** Opening Record excerpts block **
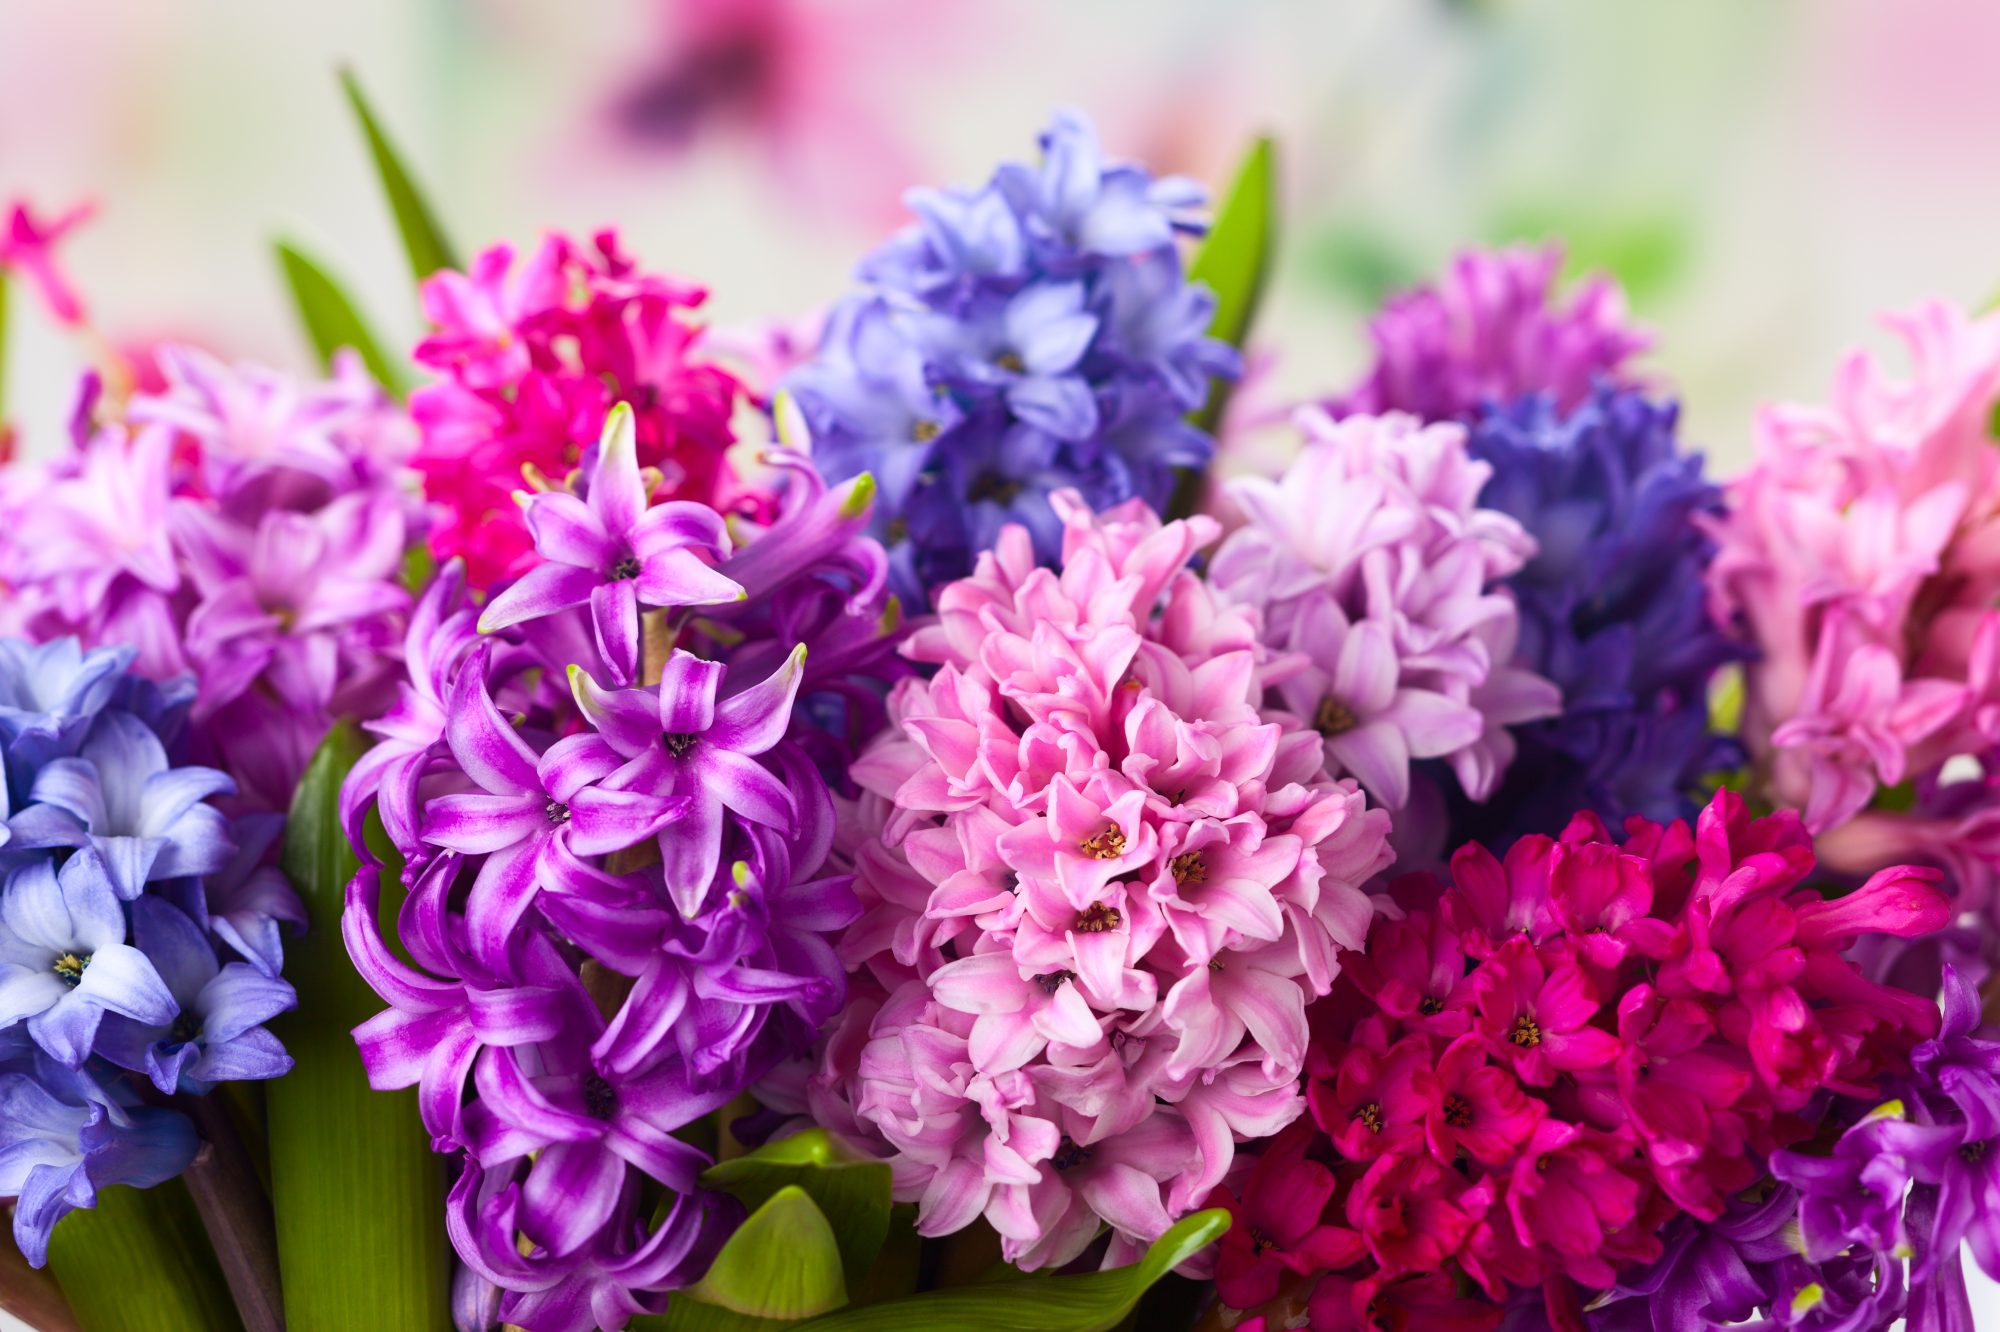 Why Are Hyacinths Referred As Nature's Perfume?
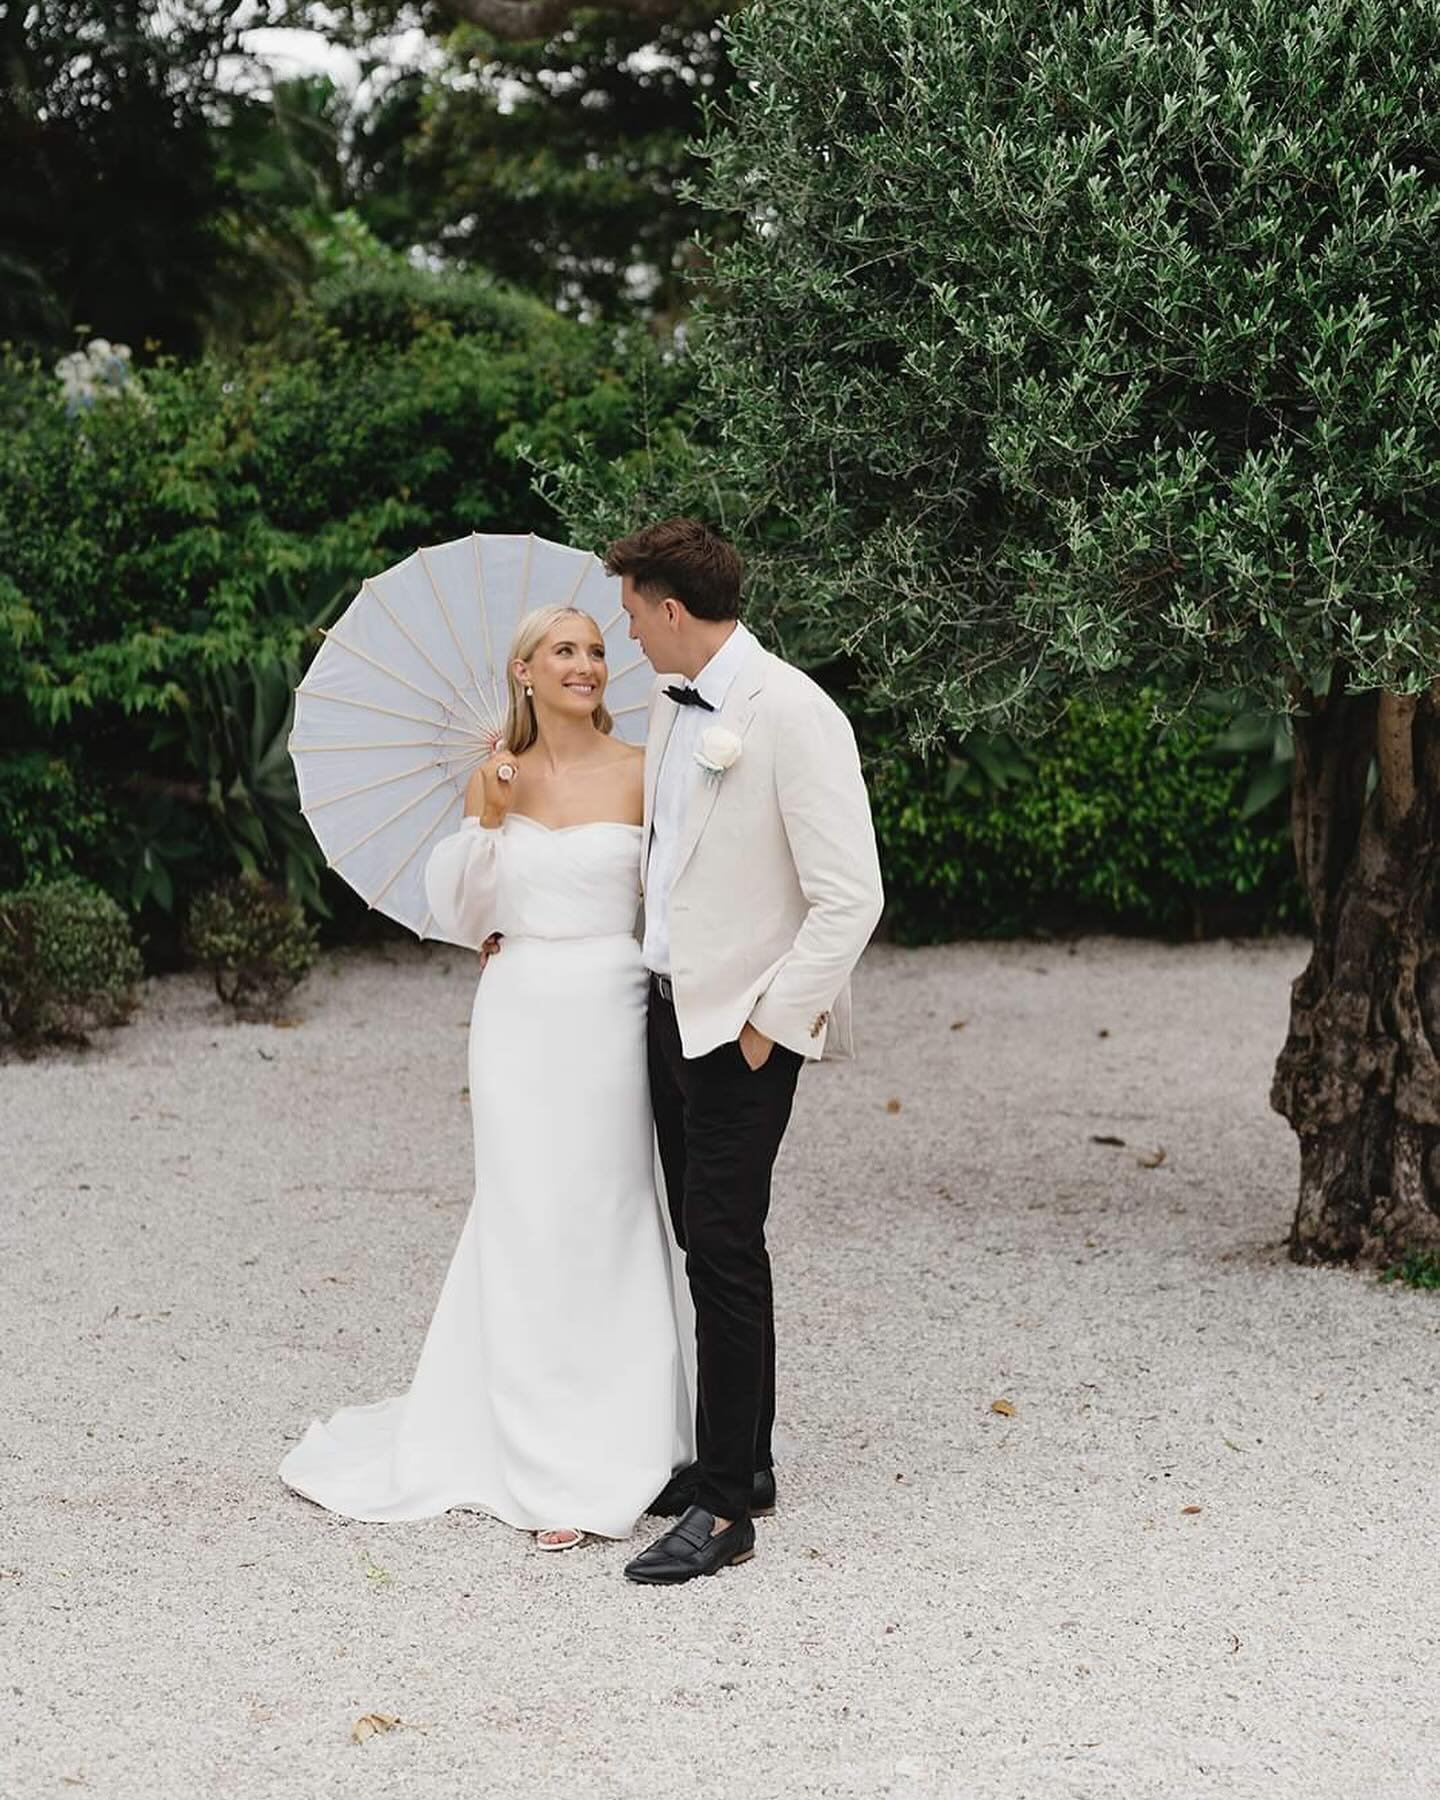 Sneak peeks from Alicia &amp; Connor&rsquo;s special day 🩵🥂

Venue @figtreerestaurant 
Planning &amp; Coordination @byronbayweddings 
Style &amp; Furniture Hire @theweddingshed 
Florist @victoriafitzgibbon 
Celebrant @byronbaymarriagecelebrant 
Mus
** Closing Record excerpts block **
Task instructions ▸
Reproduce every entry above in full and exactly, though not its pictures.

Task output ▸
 Why Are Hyacinths Referred As Nature's Perfume?
 Sneak peeks from Alicia &amp; Connor&rsquo;s special day 🩵🥂

Venue @figtreerestaurant 
Planning &amp; Coordination @byronbayweddings 
Style &amp; Furniture Hire @theweddingshed 
Florist @victoriafitzgibbon 
Celebrant @byronbaymarriagecelebrant 
Mus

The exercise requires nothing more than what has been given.